Turbocharger heat transfer and mechanical losses influence in predicting engines performance by using one-dimensional simulation codes

Abstract

The exhaust energy can represent up to 40% of the fuel chemical energy in turbocharged internal combustion engines. In order to calculate properly the available energy of the exhaust gases, a critical parameter is the temperature downstream the turbine. The prediction of this temperature will also benefit the two-stage turbochargers and after-treatment modelling that affects brake specific fuel consumption, exhaust gases emissions and the scavenging process.

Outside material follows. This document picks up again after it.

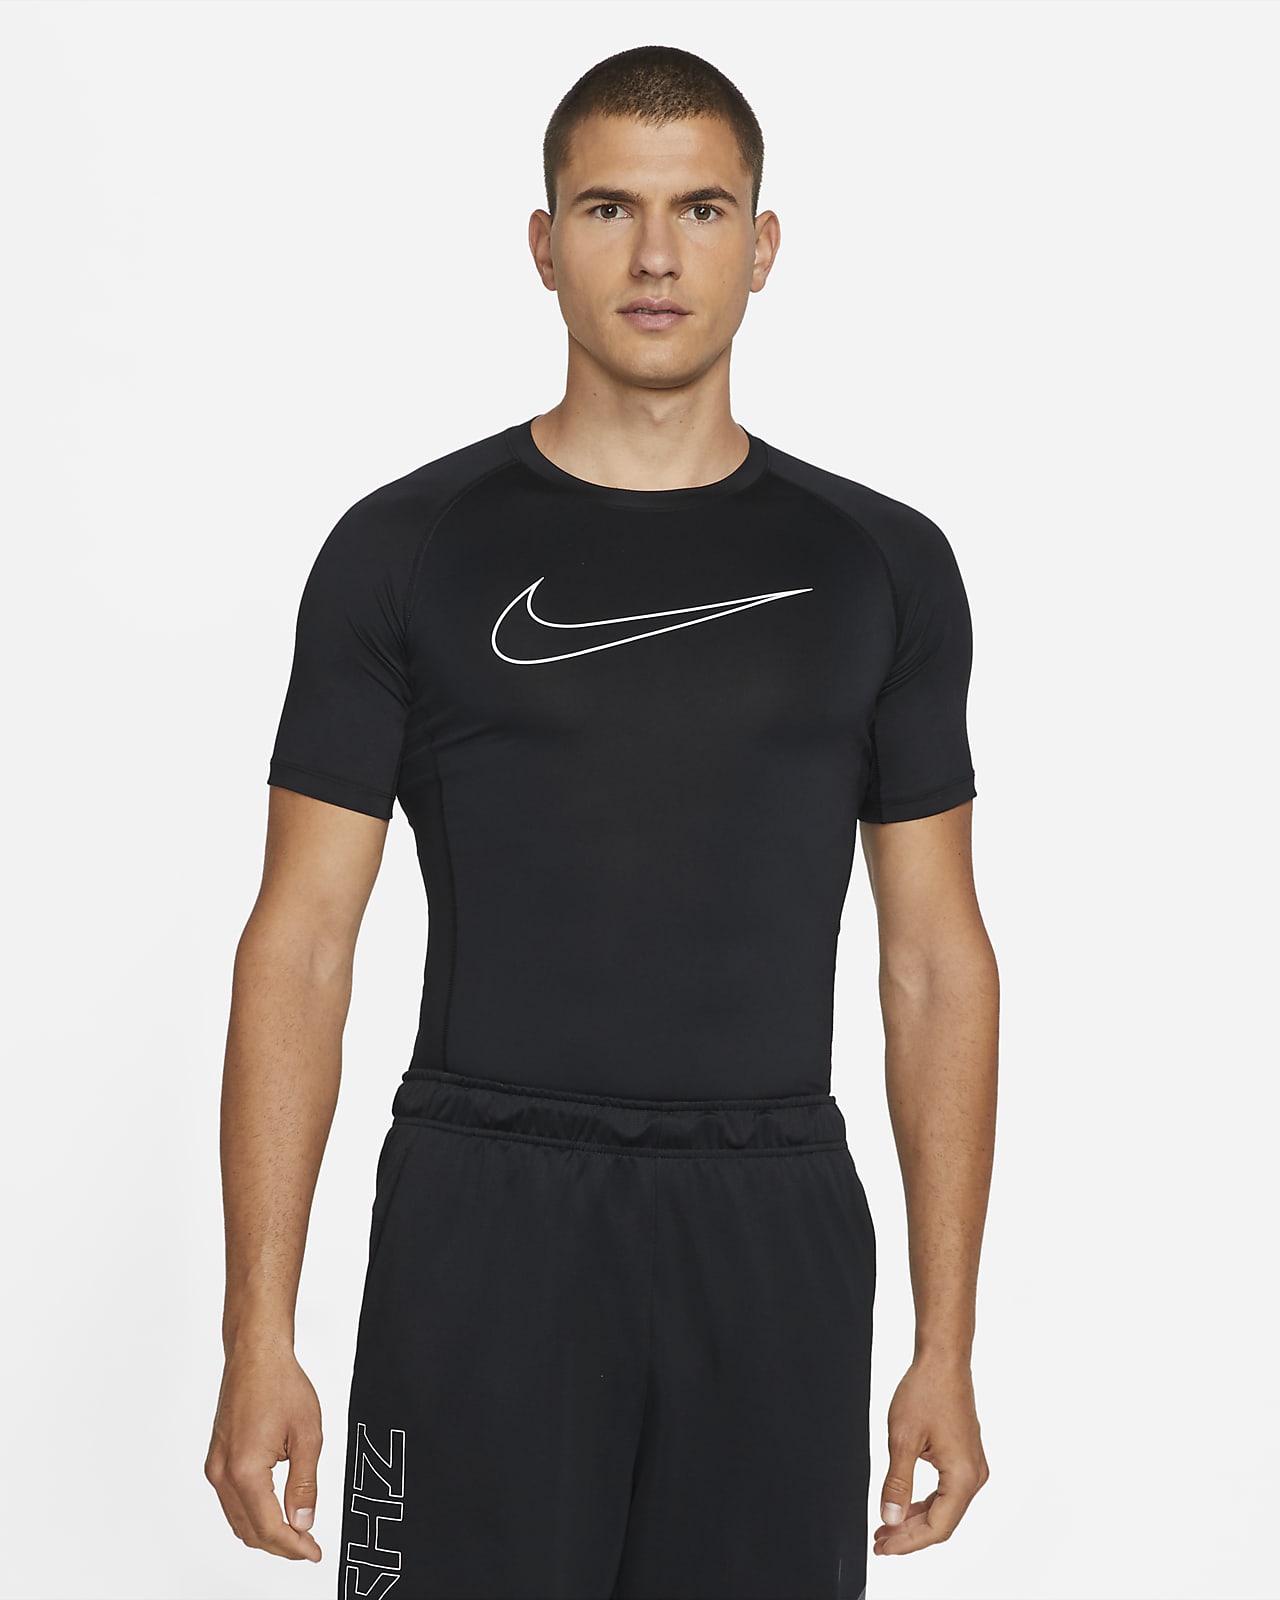 Rezumar Impresión Personalmente Nike Pro Dri-FIT Camiseta de manga corta y ajuste ceñido - Hombre. Nike ES
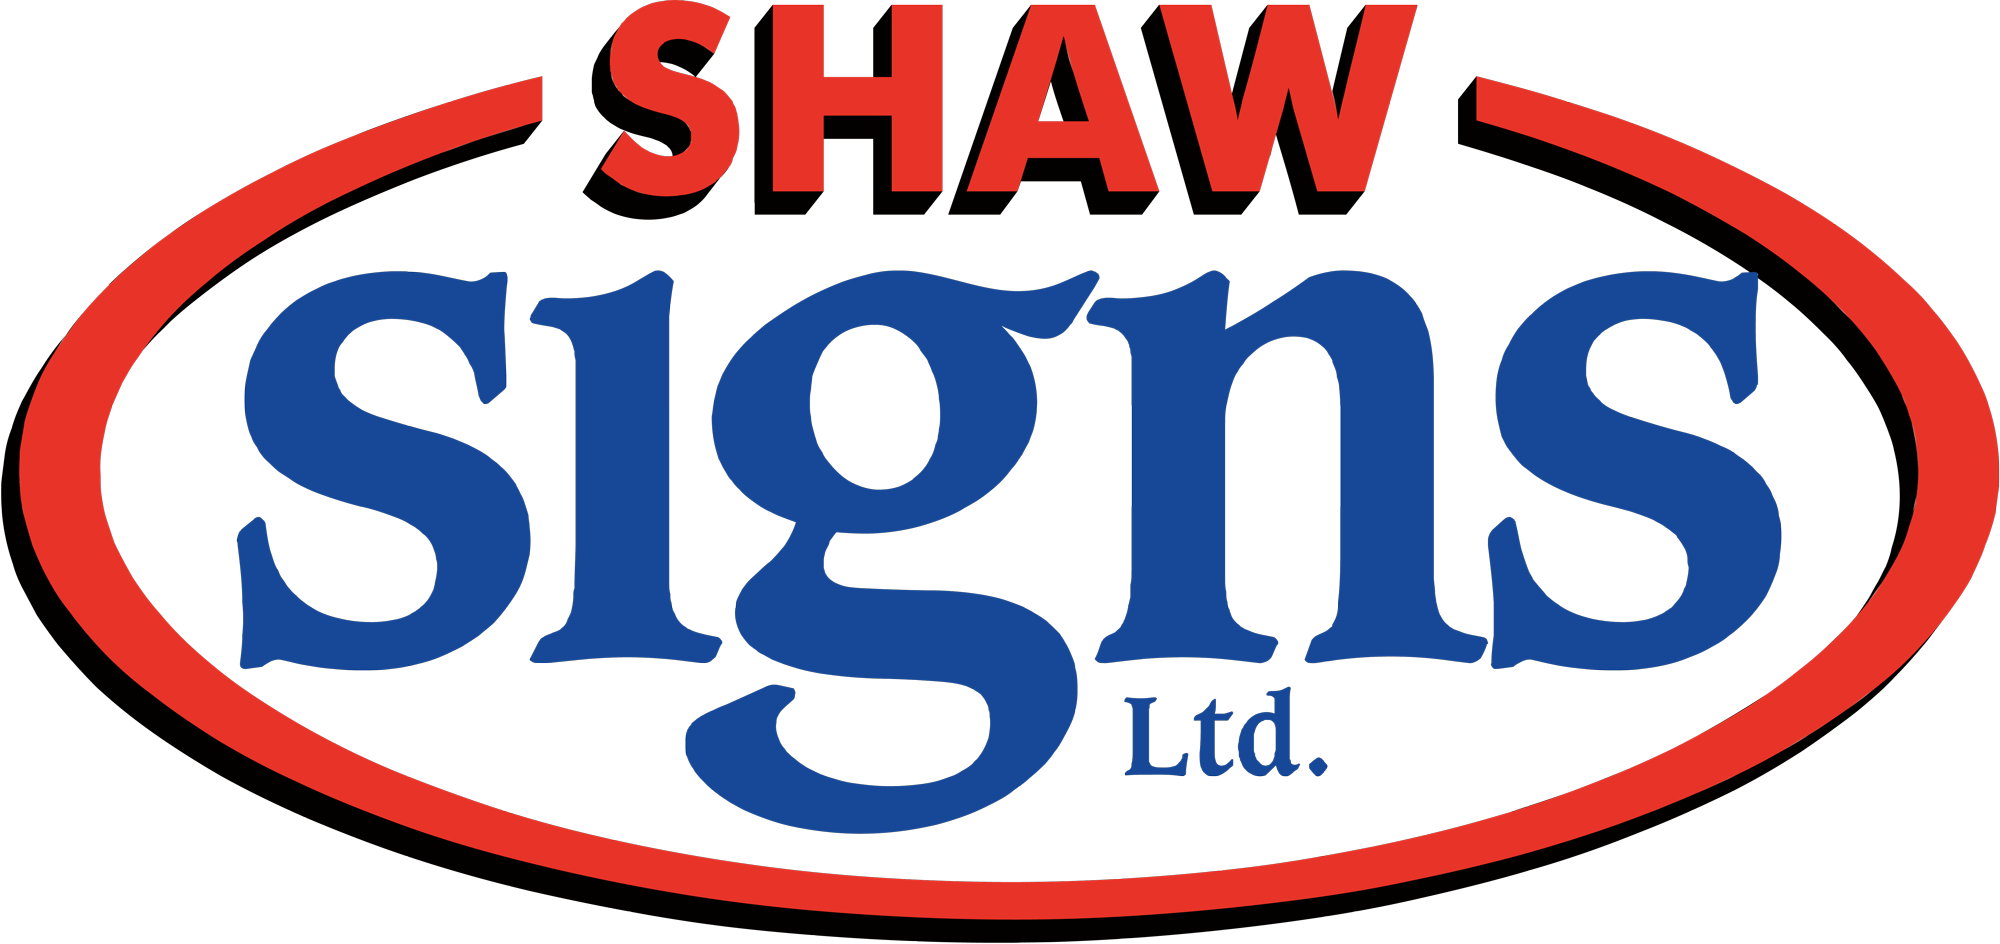 Shaw Signs Ltd

In this paper, turbocharger heat transfer losses have been modelled using a lumped capacitance model coupled with one-dimensional whole-engine simulation software. The data from the simulations of a turbocharged Diesel engine, with and without the turbocharger heat transfer model, have been compared with experimental measurements performed in an engine test bench. The analysis is focused on studying the influence in turbocharger outlet temperatures and predicting the engine performance. The main result of the study is the improvement in the prediction of both compressor and turbine outlet temperatures (up to an improvement of 70 K). The results from the model allow analysing how heat transfer losses are split in the turbocharger and quantifying the importance of heat transfer phenomena in turbocharger efficiency, at full load conditions and as a function of engine speed.